Whatever Cody did — whoever he hurt, whatever he was doing that put him in this bed — he should have to answer for it. Not me. Not his father managing the narrative from a hospital corridor. Him.

I want him to be responsible for what he did.

The elevator opens, and Judge Ravenshaw steps out.

He's in a suit at eight in the morning, and he moves through the lobby with a confidence he didn’t have when Cody was in a coma. His eyes find me first, then move to Maeve beside me, and something in his expression recalibrates almost imperceptibly.

"Adela." He extends his hand.

I stand and shake it. His grip is firm, dry, and practiced. "Judge Ravenshaw."

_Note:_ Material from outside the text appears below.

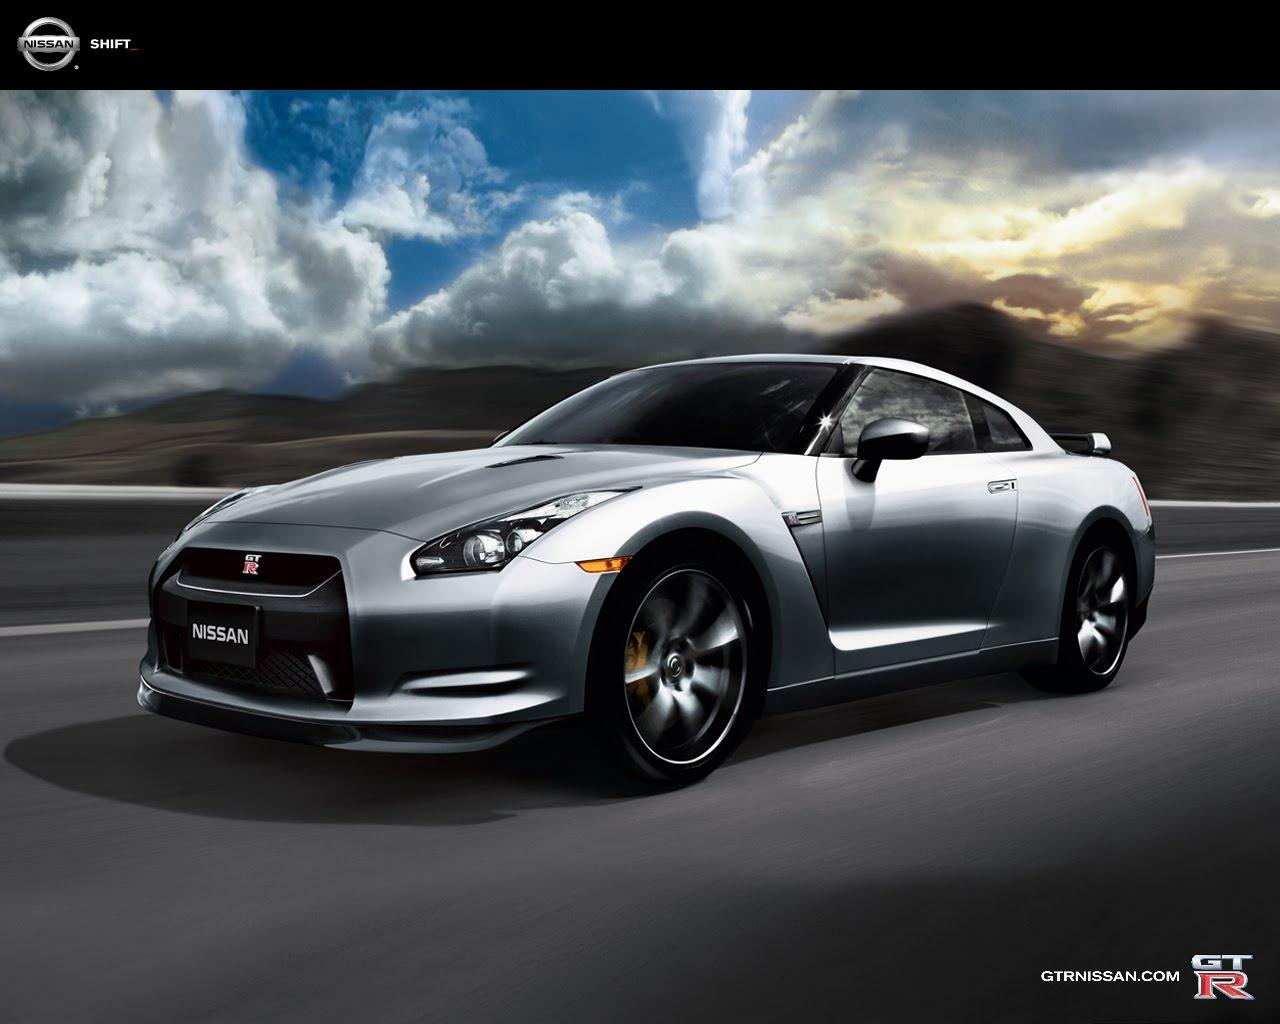 Exotic Car Wallpaper Download HD Wallpapers 1280x1024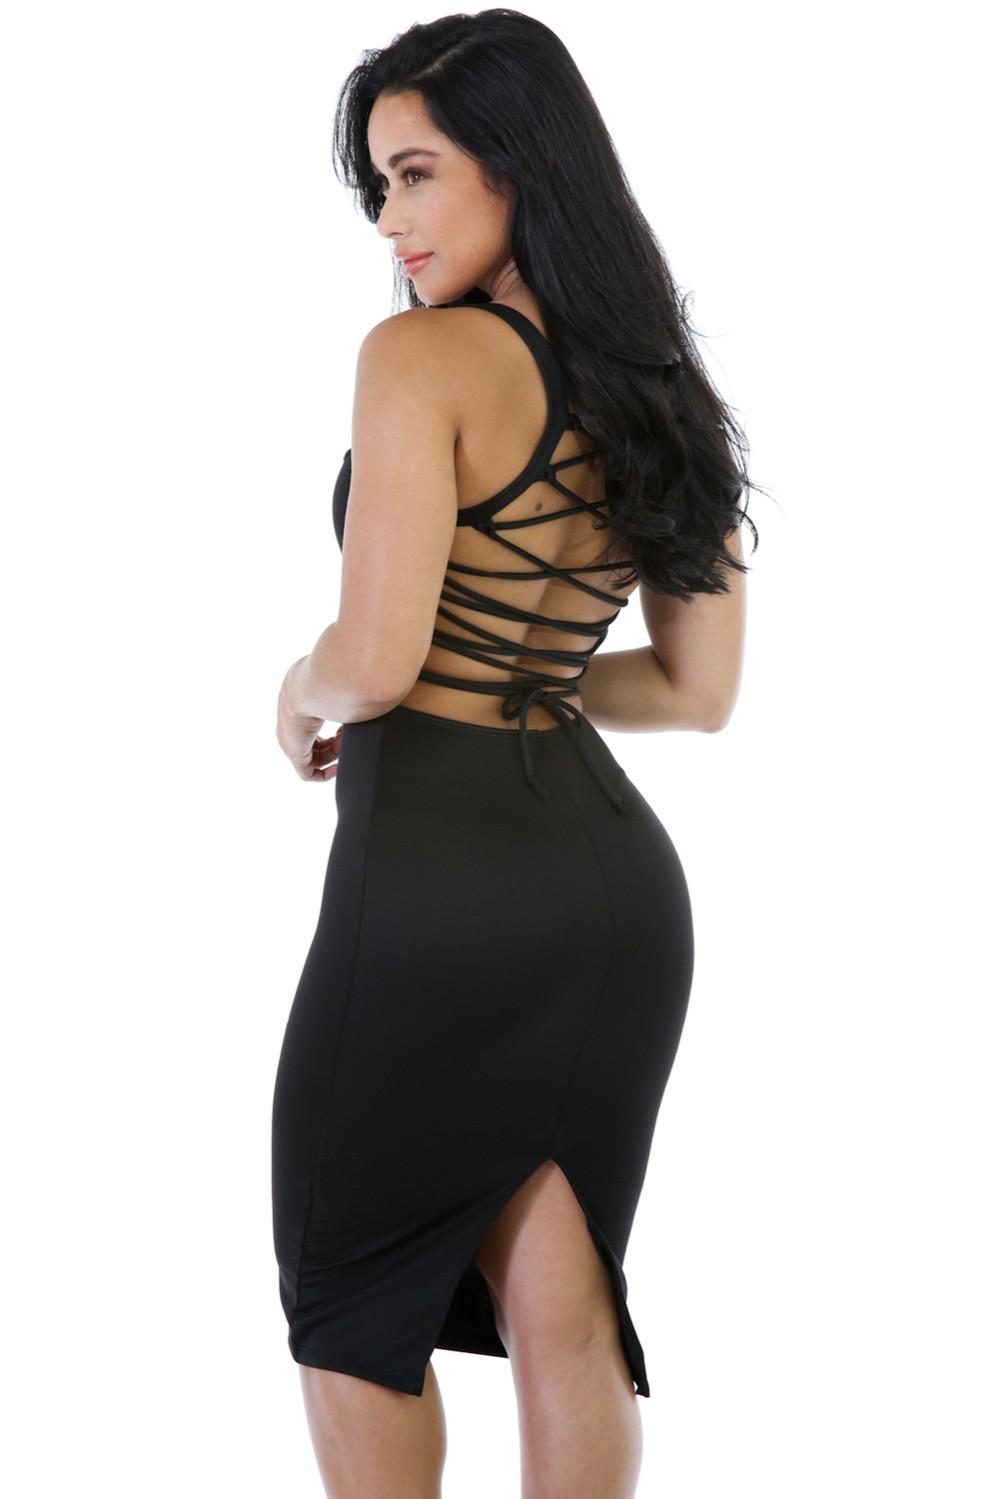 Black-Corset-Style-Back-Lace-Up-Dress-LC61159-2-3

"Thank you for coming." His eyes move to Maeve again, waiting.

“Judge Ravenshaw,” she says, shaking his hand too.

He gestures toward the elevator. "Should we?"

We walk together, and in the elevator, I look at the numbers changing above the door and decide this is the moment.

"Judge Ravenshaw," I say, my voice even. "Can I ask you something?"

"Of course."

"Why haven’t you told me where Cody was transferred?"

The elevator hums.

He doesn't answer immediately, which is its own kind of answer. When I glance at him, his expression is composed.

"The transfer was a medical decision," he says finally. "The team felt—"

"I'm his girlfriend," I say. "I went to the hospital every single day, and then he got transferred, and I was shunned out of…everything. You didn’t bother to tell me, and I don’t understand why. Why call me now?"

He looks at me.

I look back.

Beside me, I feel Maeve go very still.

"You're right," he says finally. Two words, flat and final, that are neither an apology nor an explanation. Just an acknowledgment that costs him nothing.

The elevator opens on the fifth floor.

He steps out first, and we follow.

In the hallway, he slows slightly, dropping his voice. "He doesn't have full recall yet. The doctors say that's consistent with the injury — some gaps, some confusion. He's going to need time."

"What does he remember?" I ask.

"Fragments. The party. Some of the night." A pause. "Not everything."

I nod.

"He needs stability right now," he continues, stopping outside room 512. "No stress. No complications." His eyes move between Maeve and me. "He believes everything is the way it was. I need it to stay that way while he recovers."